The last check is very simple: the team should know when a filter can be relaxed and when it cannot. Date can sometimes be widened. User access cannot.

What to do next

If you are just setting up metadata, do not try to cover every case right away. For the first pass, three fields are enough: date, document type, and user access. That is usually enough to remove old versions, avoid mixing policies with drafts, and avoid showing restricted material to people who should not see it.

Then choose one narrow scenario and test the filters only there. For example, the assistant answers questions about vacations and business trips. This kind of test quickly shows where the filter helps and where it cuts recall and hides the needed fragment.

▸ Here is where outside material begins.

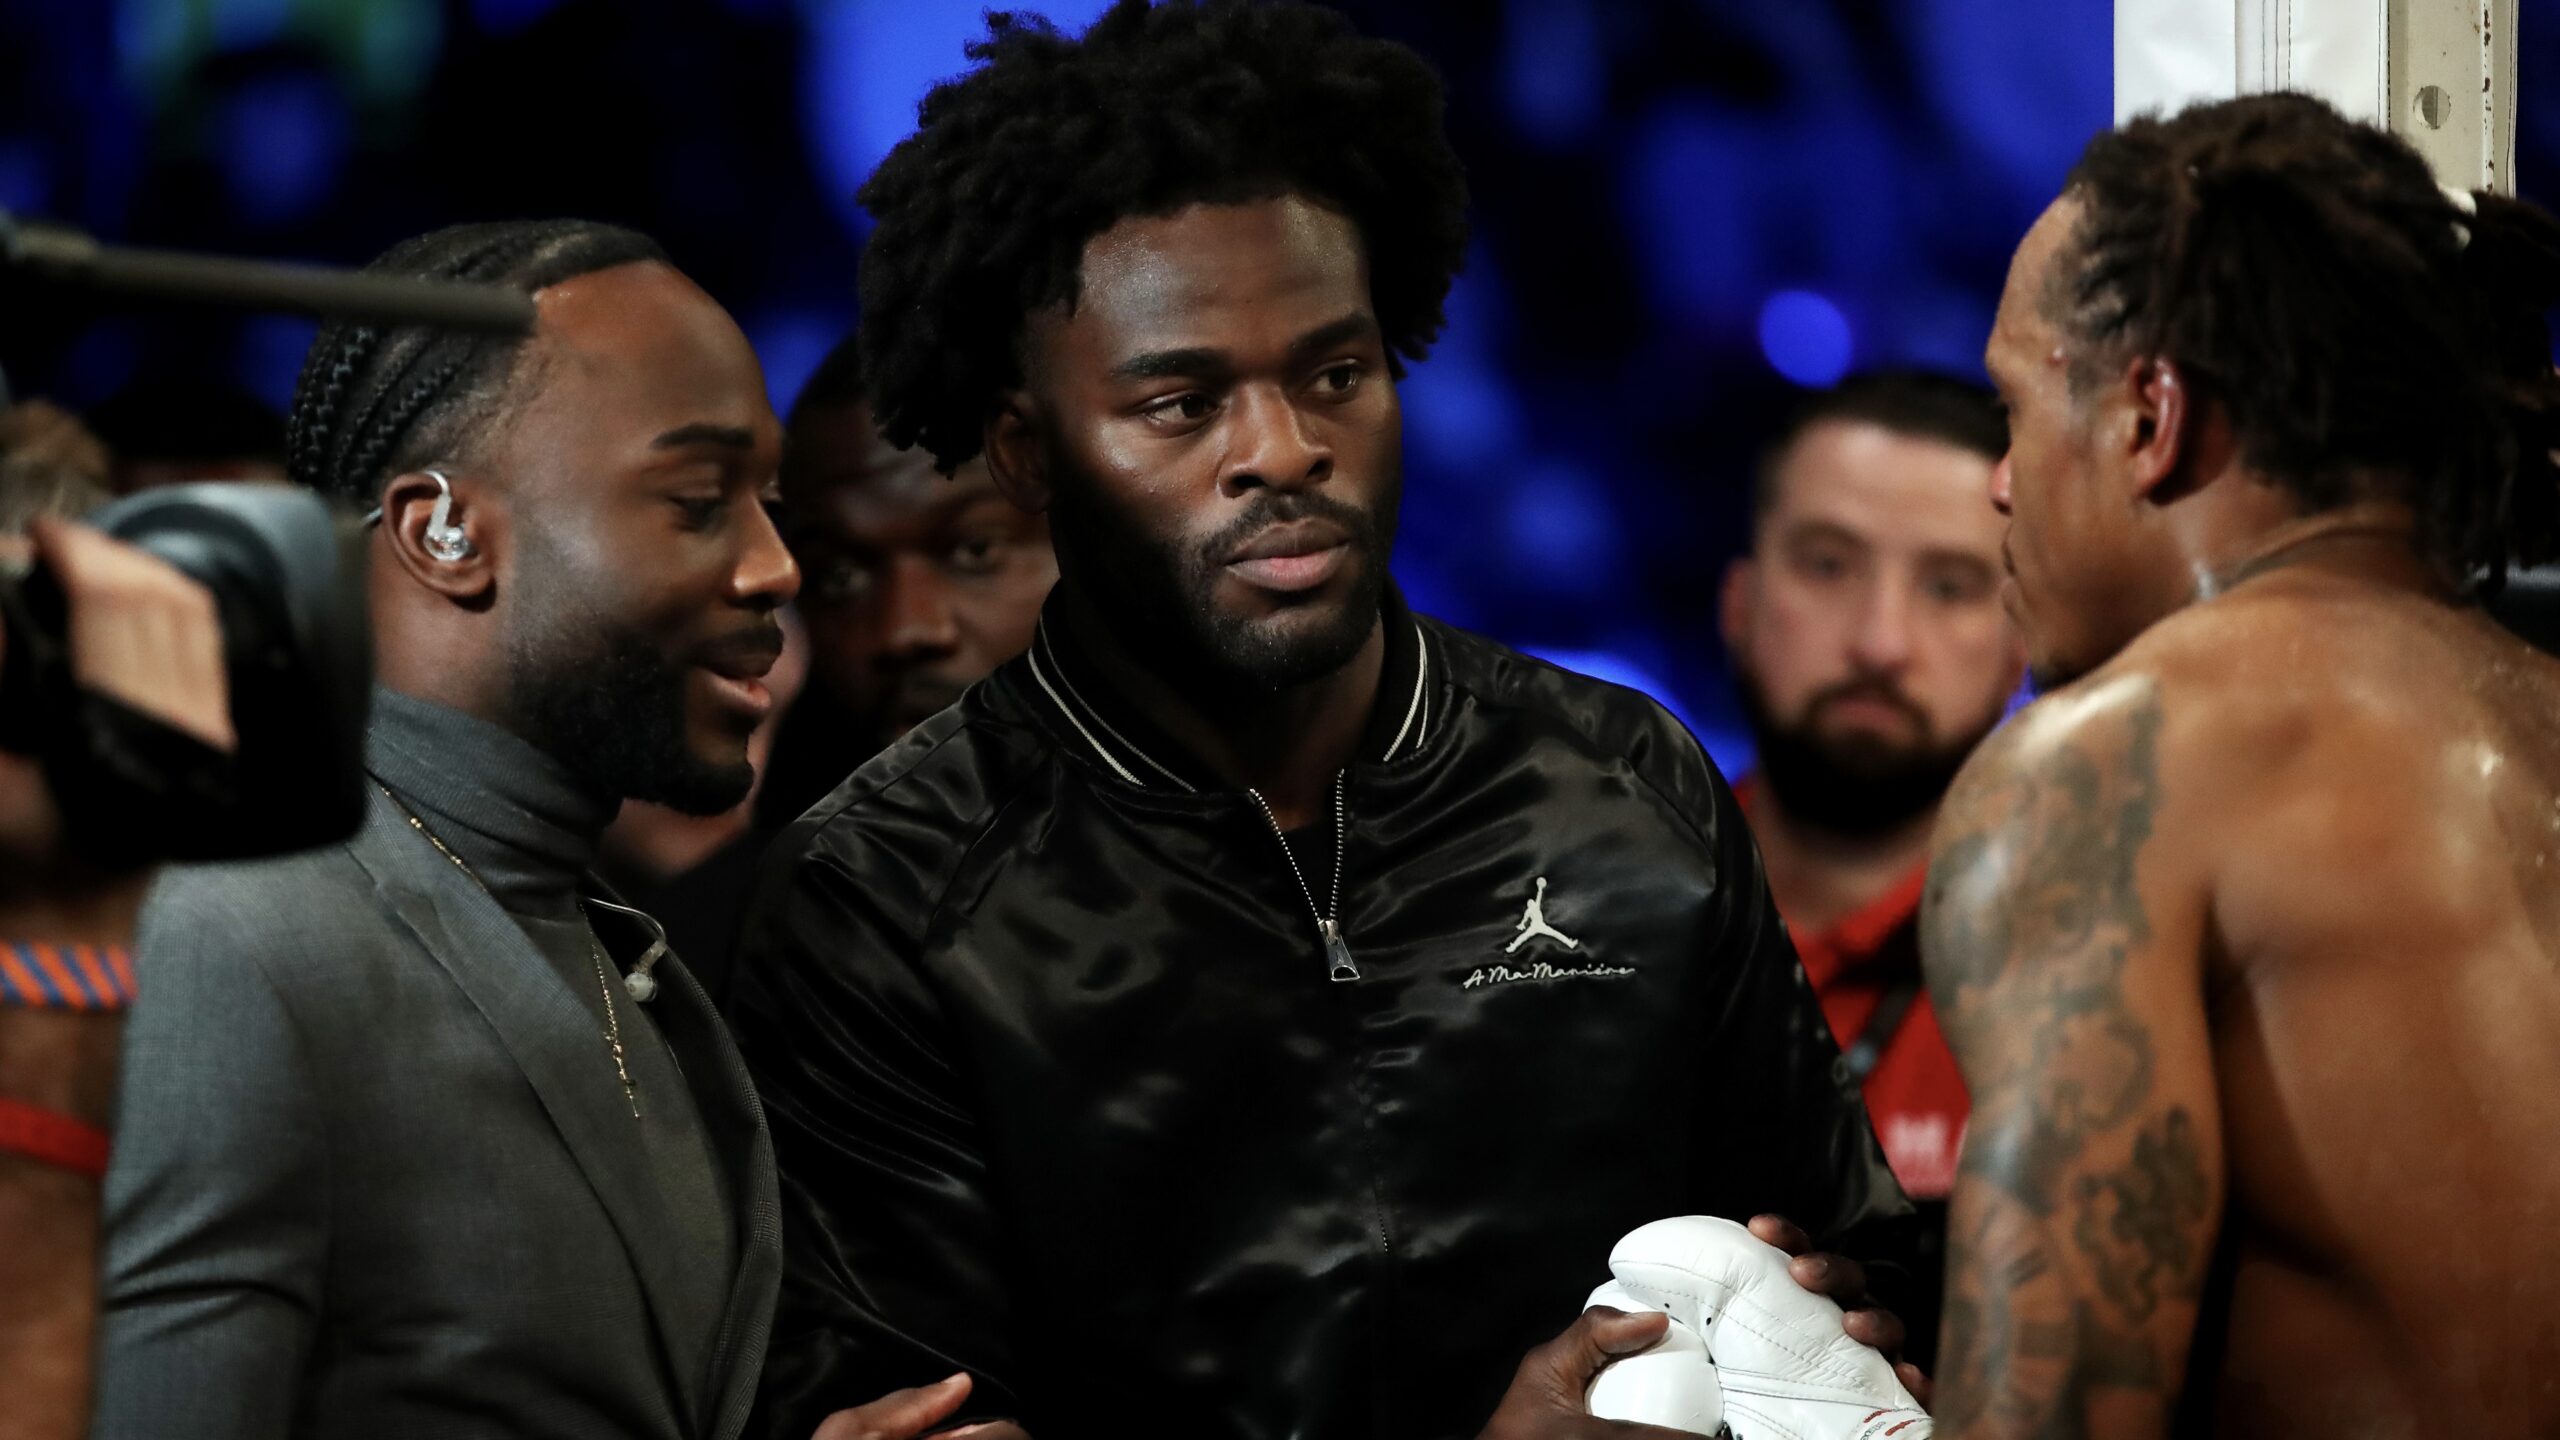 "It's a fight that makes sense for both of us" - Joshua Buatsi makes it clear he wants to face Anthony Yarde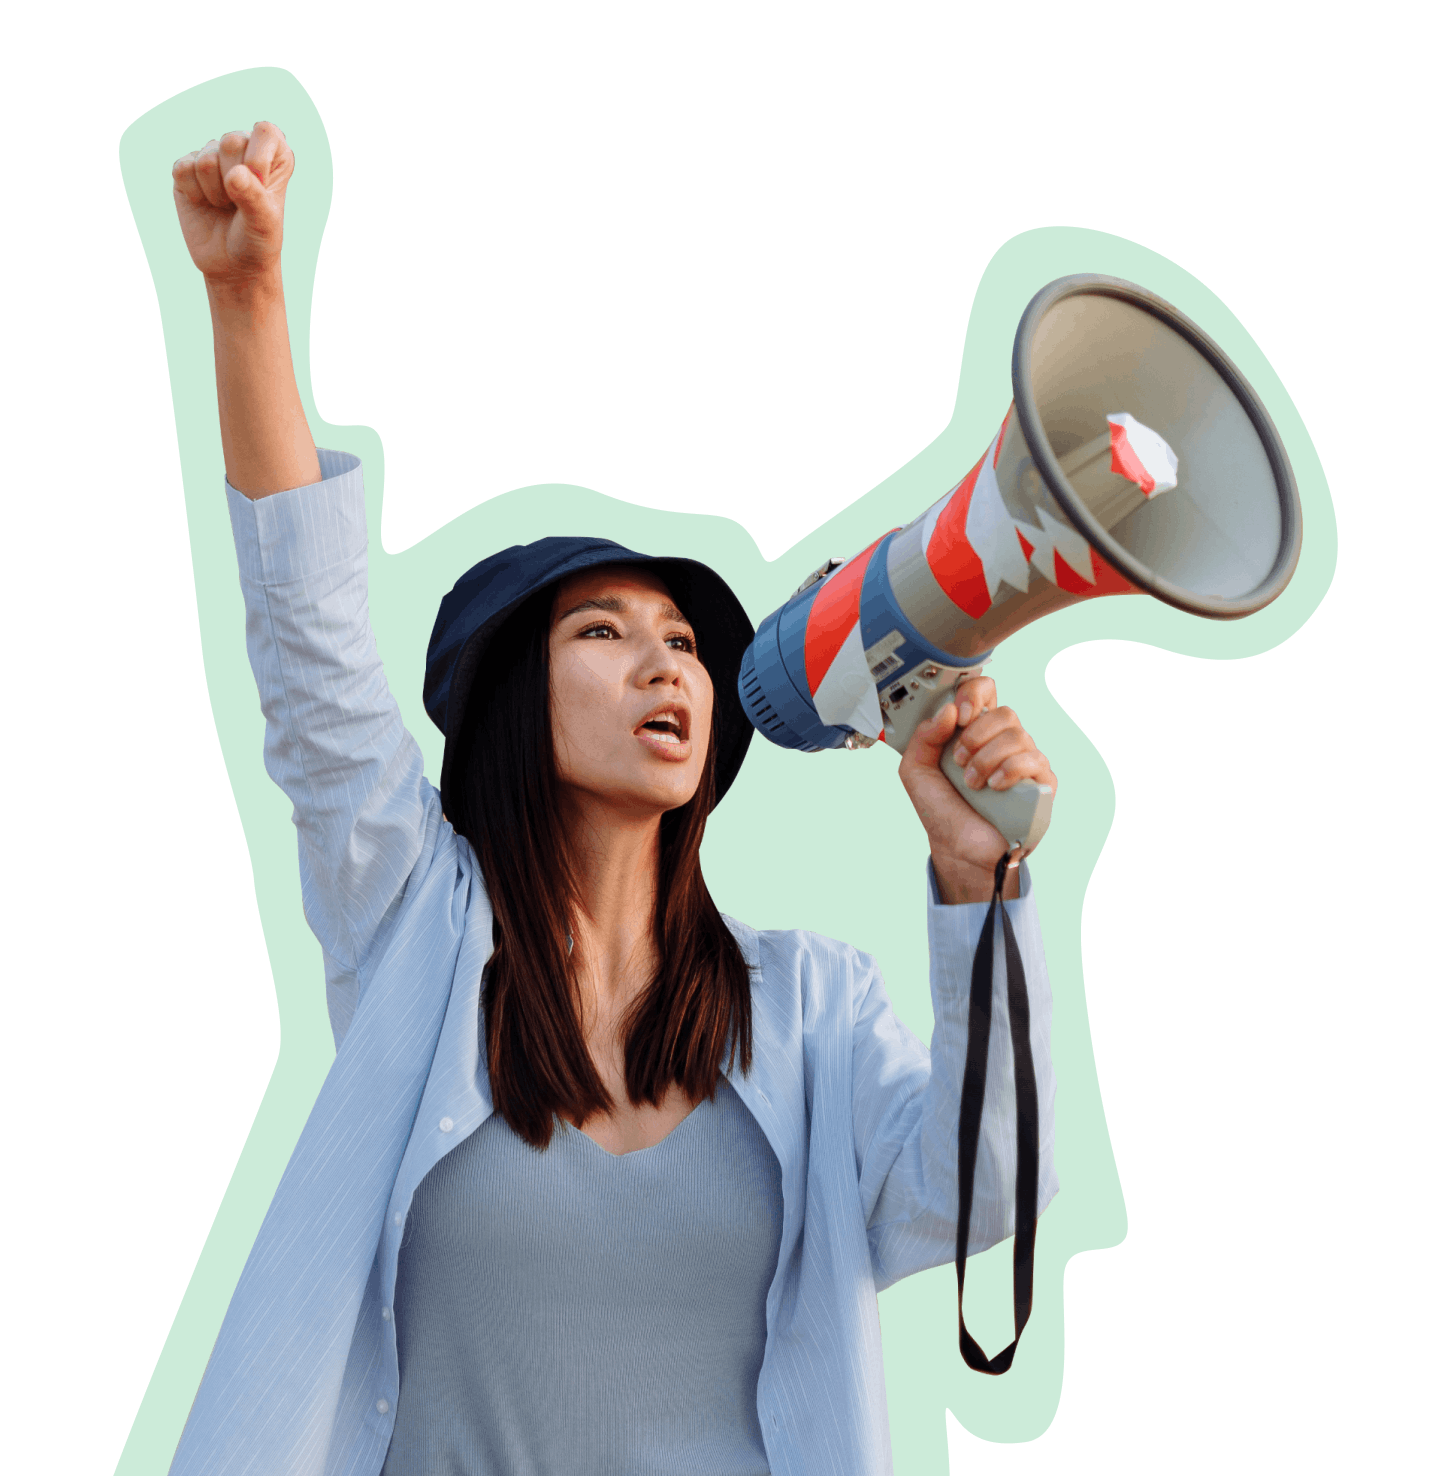 Woman yelling into a megaphone and raising her right fist into the air

Do not look only at the final answer. First check the retrieval before generation. It is useful to compare search with and without a filter on the same set of questions:

  • how many relevant fragments the system found in both modes;
  • how often the fresh document ranked above the old one when that really mattered;
  • how many useful results disappeared because of document type;
  • whether there were cases where user access hid the only correct source.

When the basic setup is working, add simple evaluations. Track source freshness, permission errors, and misses in retrieval. If the answer sounds confident but retrieval did not bring the needed document, the problem is not the model. Usually the cause is a filter that is too strict or bad labels.

A good practice is to keep a short set of control questions, around 20-30. That is enough. After every change to the filters, run them again and see what got better and what broke. That way the team sees the real effect instead of arguing from gut feeling.

If you are comparing several models on the same question set, a single gateway like AI Router also saves time. You can send identical requests through one OpenAI-compatible endpoint, avoid rewriting the integration, and then review the audit logs for the same cases.

Start small, measure each step, and do not make the setup more complex too early. Three fields, one scenario, a short test set. For the first cycle, that is more than enough.